Re: ISSUE-299: Cluster matching 1b from John Hudson on 2013-09-12 (www-style@w3.org from September 2013)

From: John Hudson <tiro@tiro.com>
Date: Thu, 12 Sep 2013 11:56:19 -0700
CC: W3C Style <www-style@w3.org>, www International <www-international@w3.org>
Message-ID: <52320E53.5060507@tiro.com>

Richard Ishida wrote:

> Or is the meaning that if the font has a glyph for the precomposed
> character that is canonically equivalent to the sequence of characters,
> then that glyph should be used (without changing the sequence of
> characters itself). That would seem to make more sense.

Yes, that does make more sense, and should probably be spelled out.

It is also what at least some layout engines do regularly. MS Uniscribe 
will perform a cmap check for a precomposed glyph representing a 
canonical composition of a cluster, and use that glyph in preference to 
the decomposed glyph sequence. The reasoning for this is that a) many 
fonts may support the precomposed character but not have GPOS mark 
positioning (especially true for European diacritic characters in a huge 
number of fonts), and b) character level substitution is faster than 
glyph level GSUB composition. I presume the same operations would apply 
directly in the CSS cluster matching model.

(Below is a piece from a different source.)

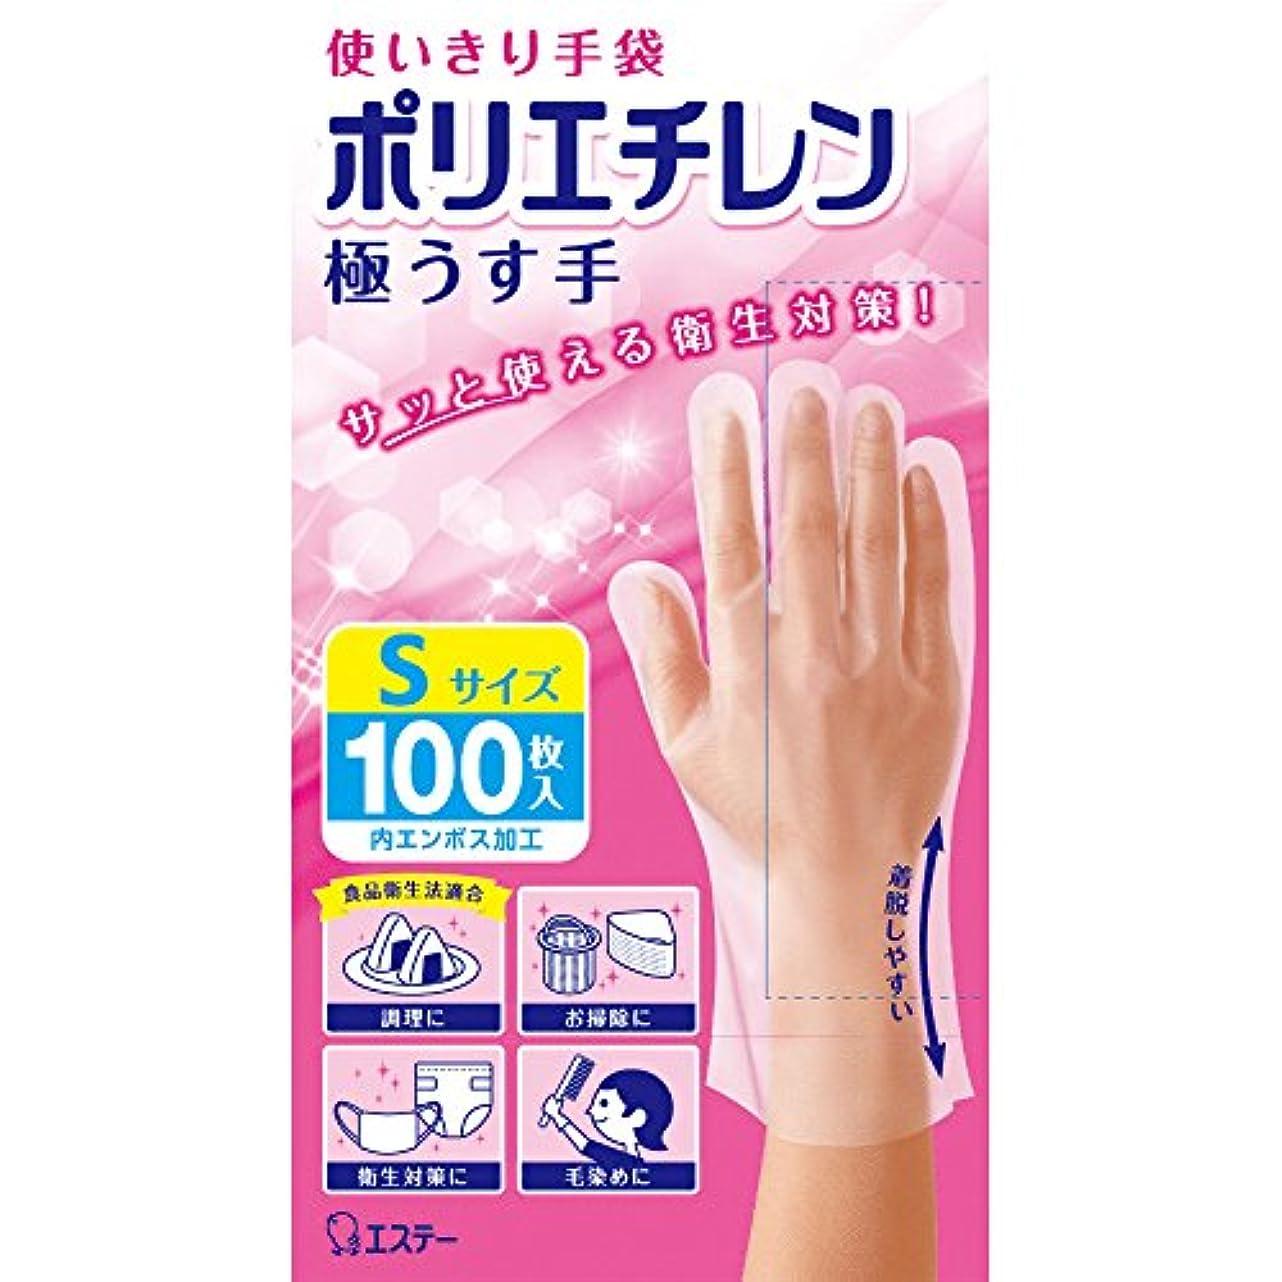 中央値内なる寸前使いきり手袋 ポリエチレン 極うす手 Sサイズ 半透明 100枚

[Because of such layout engine operations, on the font side the OpenType 
Layout tables are generally built around an assumption of buffered 
NFC-like input from the cmap, regardless of the original text string. 
This means, of course, that in some fonts <ccmp> will be used to 
decompose the initial glyph strings that the layout engine has composed 
at the cmap level from originally decomposed character strings -- 
thereby demolishing the presumed time saving of the cmap composition 
operation. That's a choice the font developer makes based on whether he 
or she wants to work, during glyph processing, with precomposed 
diacritic glyphs, decomposed bases pus marks, or -- most awkwardly -- a 
mix of the two.]

JH

Received on Thursday, 12 September 2013 18:57:00 UTC